Now, let's talk about the actual problem that results when the RPC does unceremoniously drop you. This code is correctly thowing an exception that results when a message heads for a socket that's actually in a bad (non OPEN) state:

https://github.com/solana-labs/solana-web3.js/blob/33429ca4116930d3c2c0704e99867ccd05ac932d/packages/library-legacy/src/rpc-websocket.ts#L49-L60

And this code is catching it in the subscriptions state machine:

https://github.com/solana-labs/solana-web3.js/blob/33429ca4116930d3c2c0704e99867ccd05ac932d/packages/library-legacy/src/connection.ts#L6001-L6018

Now, when the socket goes down like this, two things happen: its readyState changes, and its close event fires. Problem is, sometimes you'll detect one before the other.
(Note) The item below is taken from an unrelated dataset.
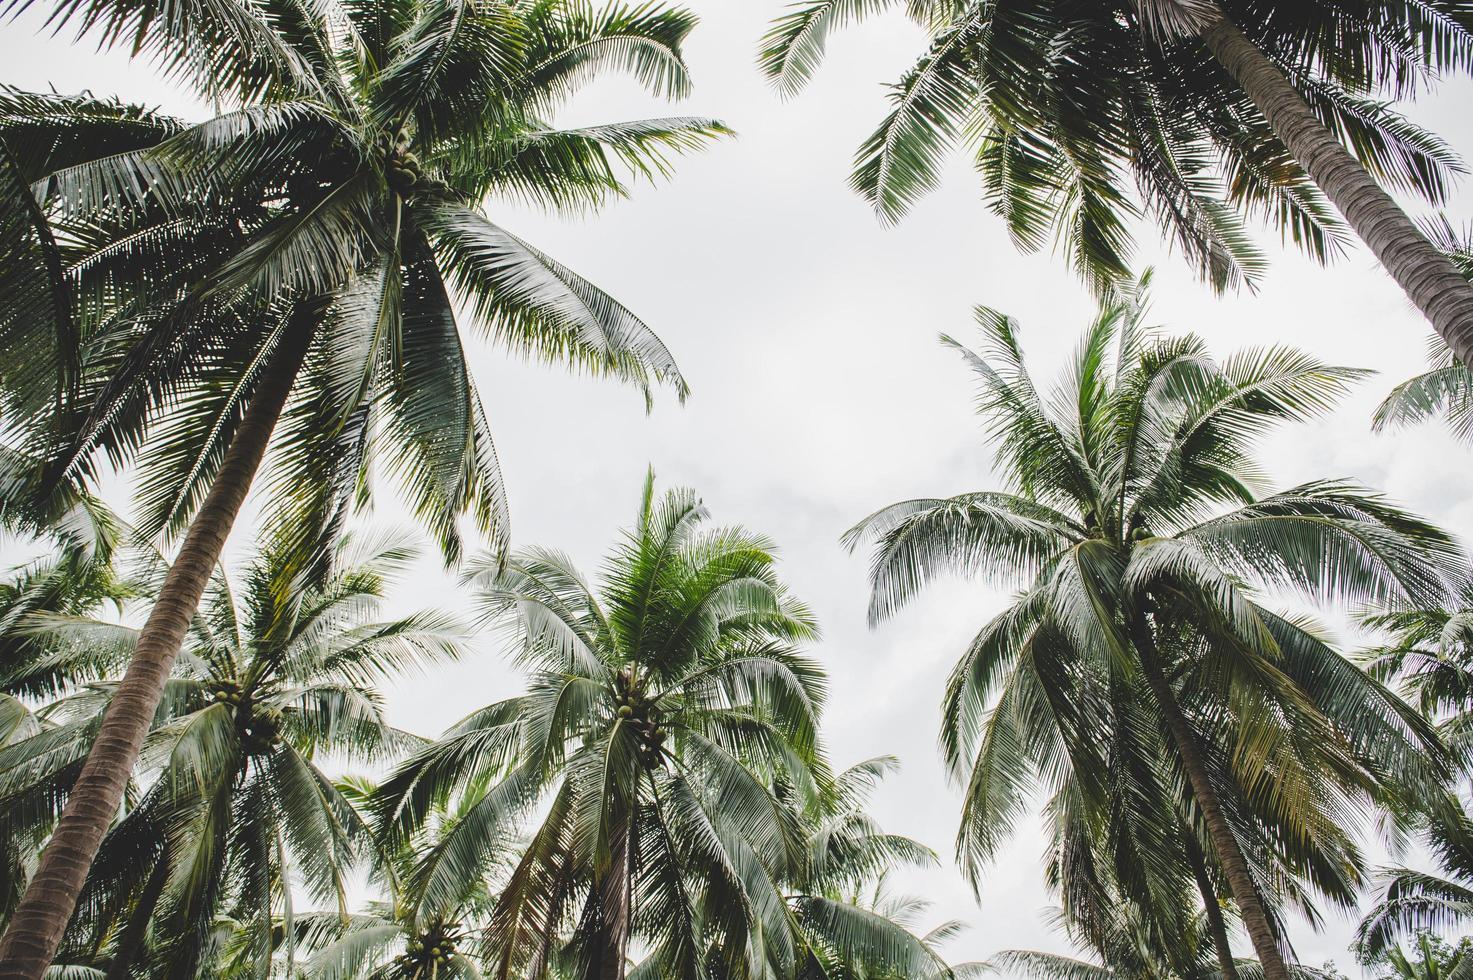 Kokosnussbaumgärten in Thailand foto

  1. If the close event fires before we detect a change in the readyState, we're good. The onClose handler will increment the _rpcWebsocketGeneration and the state machine will abandon processing.
  2. If the readyState is detected not to be OPEN before the close event fires, we're in trouble. The exception will be caught, but the state machine will immediately try to set the subscription up again. The fact that it tries to set the subscription back up is not, in itself, the problem. It's that it tries to set it up synchronously. The synchronous nature of the loop blocks the onClose handler from being able to work. Because the onClose handler never fires, the state machine never becomes aware that the socket is dead. That's the problem.

Some possible solutions:

  1. Make the state machine yield the main thread on exceptions. This breathing room will allow asynchronous events from the socket to be handled, righting the internal state of the state machine. Not great. Adds asynchronicity to an already complex system.
  2. Enable the state machine to infer, from the error, that the socket has died, and reset its own socket-related state.

I have a few half-baked implementations of this on the go. Give me some time to find the best one.
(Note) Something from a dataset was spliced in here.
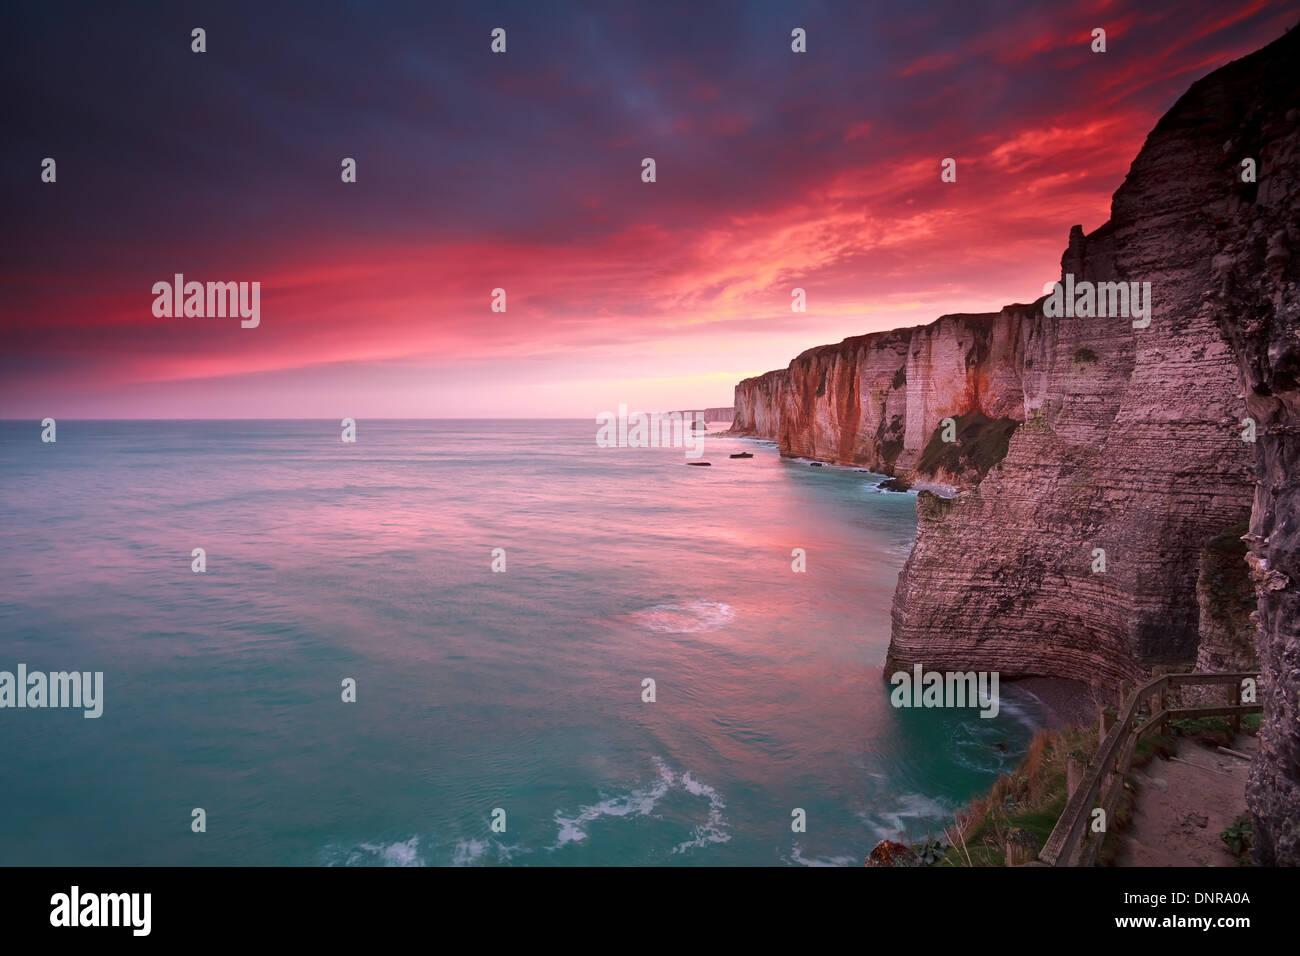 Lever de soleil sur l'océan spectaculaire et falaises, Etretat, France Photo Stock

steveluscher commented 1 year ago

I'm pretty sure that https://github.com/elpheria/rpc-websockets/pull/138 fixes the source of corruption of the subscriptions state machine here.

dfl-zeke commented 1 year ago

@steveluscher I understand, that 20K subscription is not a normal thing to have, but I get it on 500 subscriptions sometimes and it's annoying. If I have too many subs, then okay, I can understand that host can limit me and give me error on the call, but do not crash the program.

steveluscher commented 1 year ago

Yeah, I doubt it has anything to do with the number of subscriptions. It probably has everything to do with which box the load balancer shunts you to, and how many open subscriptions it currently has.

grabbou commented 1 year ago

To me, it happens pretty much all the time I try to wait for a transaction results. I think it has to do with React Native and the way it handles web sockets. I still didn't have time to provide a reproduction because for me, the workaround I pasted here temporarily fixes the problem (but introduces other side effects, so not really production ready lol).

I will try to provide a reproduction soon, but maybe that helps too. I see you also posted another PR, so I will wait till its shipped to double check.

Meanwhile, @steveluscher, how do you feel about https://github.com/solana-labs/solana/pull/29195 in general? If that didn't fix the original error, do you still consider it a valid improvement or you'd say it's something that could be reverted? I left some comments here: https://github.com/solana-labs/solana/pull/29195#issuecomment-1427551590

github-actions[bot] commented 1 year ago

:tada: This issue has been resolved in version 1.73.3 :tada:

The release is available on:

Your semantic-release bot :package::rocket:

steveluscher commented 1 year ago

Try @solana/web3.js@1.73.3.

steveluscher commented 1 year ago

@dfl-zeke, I upgraded your repro repo to 1.73.3 and can no longer kill it.

github-actions[bot] commented 1 year ago

Because there has been no activity on this issue for 7 days since it was closed, it has been automatically locked. Please open a new issue if it requires a follow up.